[[ Data records open ]]

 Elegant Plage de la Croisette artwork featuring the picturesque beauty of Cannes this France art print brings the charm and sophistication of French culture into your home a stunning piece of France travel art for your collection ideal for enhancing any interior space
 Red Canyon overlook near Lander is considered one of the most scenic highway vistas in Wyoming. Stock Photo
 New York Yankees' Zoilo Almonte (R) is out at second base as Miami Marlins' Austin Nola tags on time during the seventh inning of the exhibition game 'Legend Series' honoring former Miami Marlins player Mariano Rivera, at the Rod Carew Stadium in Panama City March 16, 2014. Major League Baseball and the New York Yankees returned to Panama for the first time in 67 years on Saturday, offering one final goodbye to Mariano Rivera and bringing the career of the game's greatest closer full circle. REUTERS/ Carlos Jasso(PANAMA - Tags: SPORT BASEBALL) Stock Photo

[[ Data records closed ]]
[[ Data records open ]]

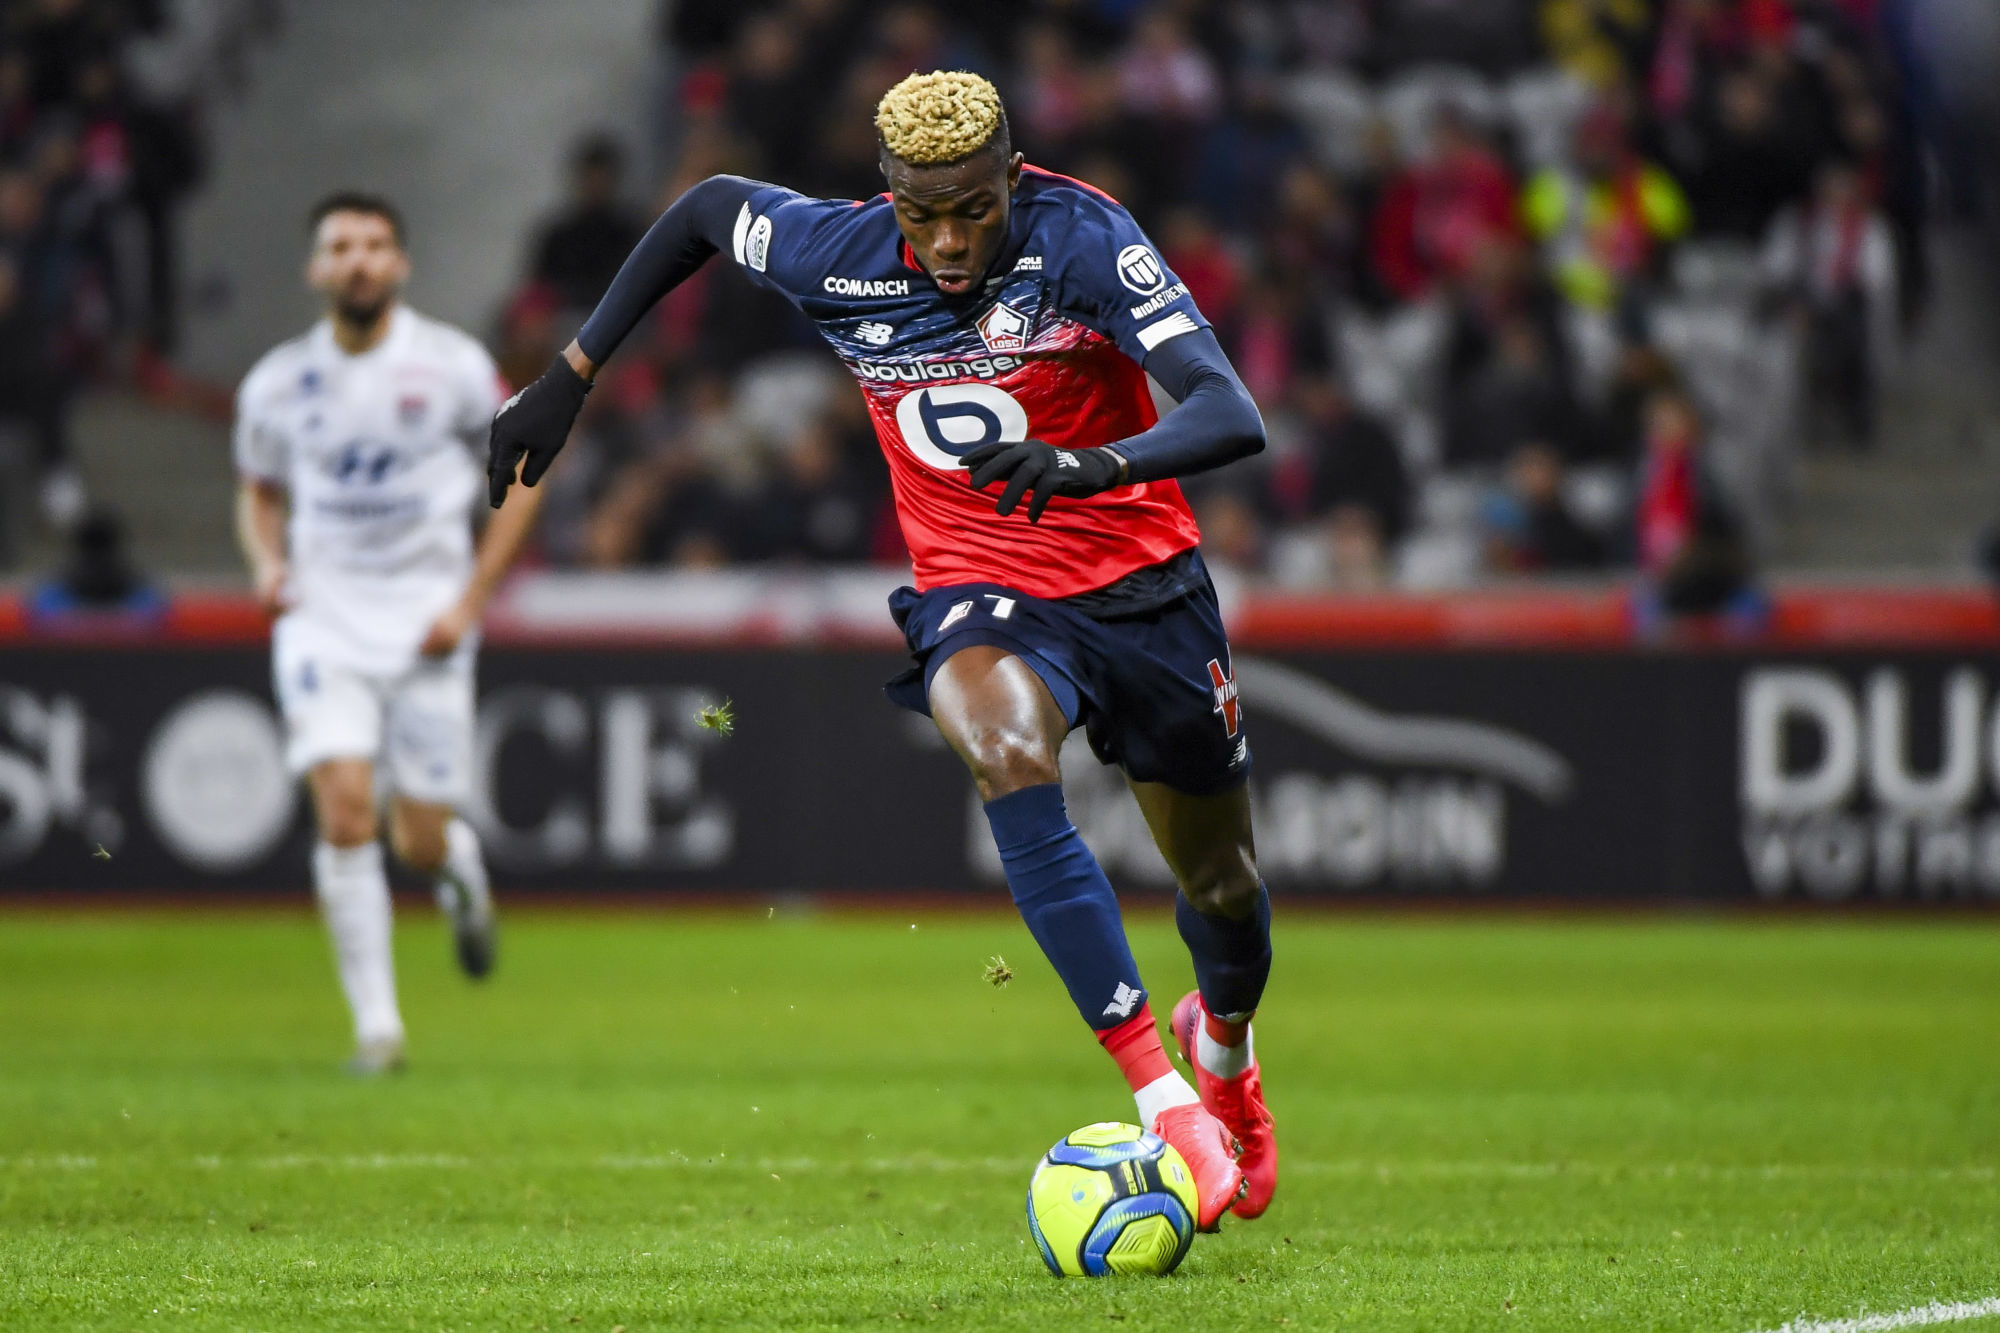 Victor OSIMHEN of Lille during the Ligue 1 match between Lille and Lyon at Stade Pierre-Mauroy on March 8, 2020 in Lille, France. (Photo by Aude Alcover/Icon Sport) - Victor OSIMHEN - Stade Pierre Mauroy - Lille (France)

[[ Data records closed ]]
[[ Data records open ]]

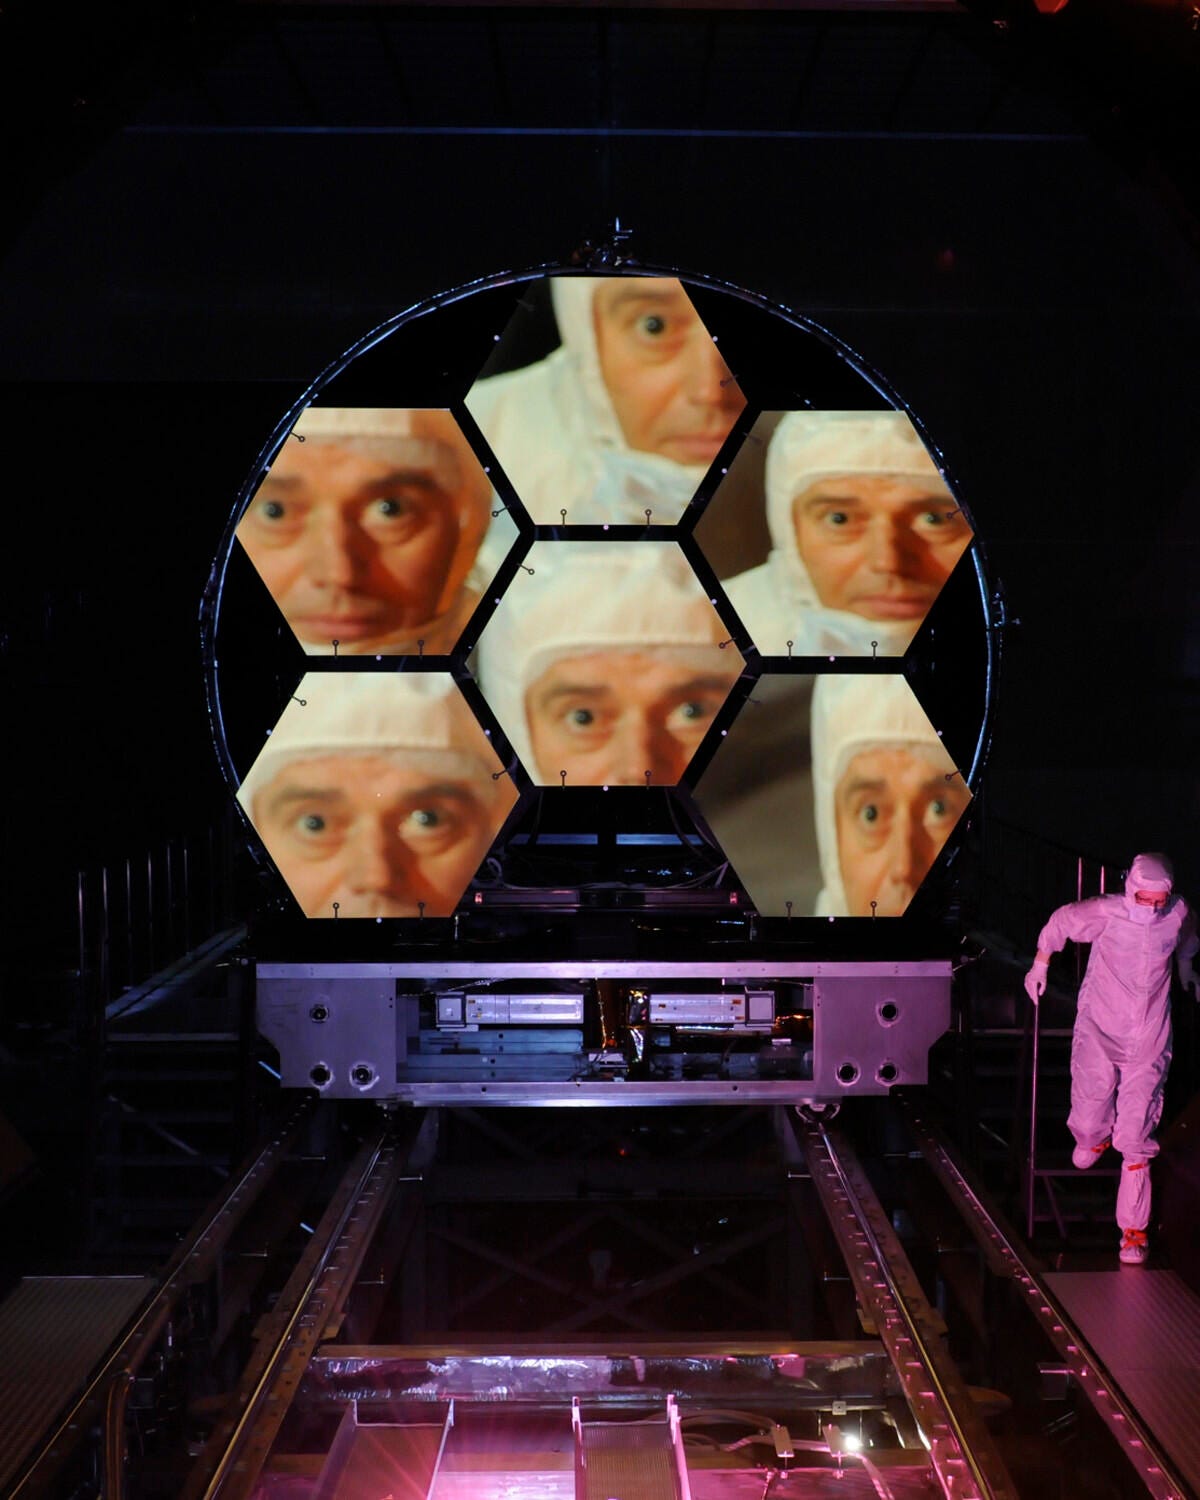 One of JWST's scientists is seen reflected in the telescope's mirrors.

[[ Data records closed ]]

Instructions for the task: From the entries above, return exactly the line containing "Red Canyon overlook", the line containing "New York Yankees'", and all lines between, and nothing else.

Output for this task:
 Red Canyon overlook near Lander is considered one of the most scenic highway vistas in Wyoming. Stock Photo
 New York Yankees' Zoilo Almonte (R) is out at second base as Miami Marlins' Austin Nola tags on time during the seventh inning of the exhibition game 'Legend Series' honoring former Miami Marlins player Mariano Rivera, at the Rod Carew Stadium in Panama City March 16, 2014. Major League Baseball and the New York Yankees returned to Panama for the first time in 67 years on Saturday, offering one final goodbye to Mariano Rivera and bringing the career of the game's greatest closer full circle. REUTERS/ Carlos Jasso(PANAMA - Tags: SPORT BASEBALL) Stock Photo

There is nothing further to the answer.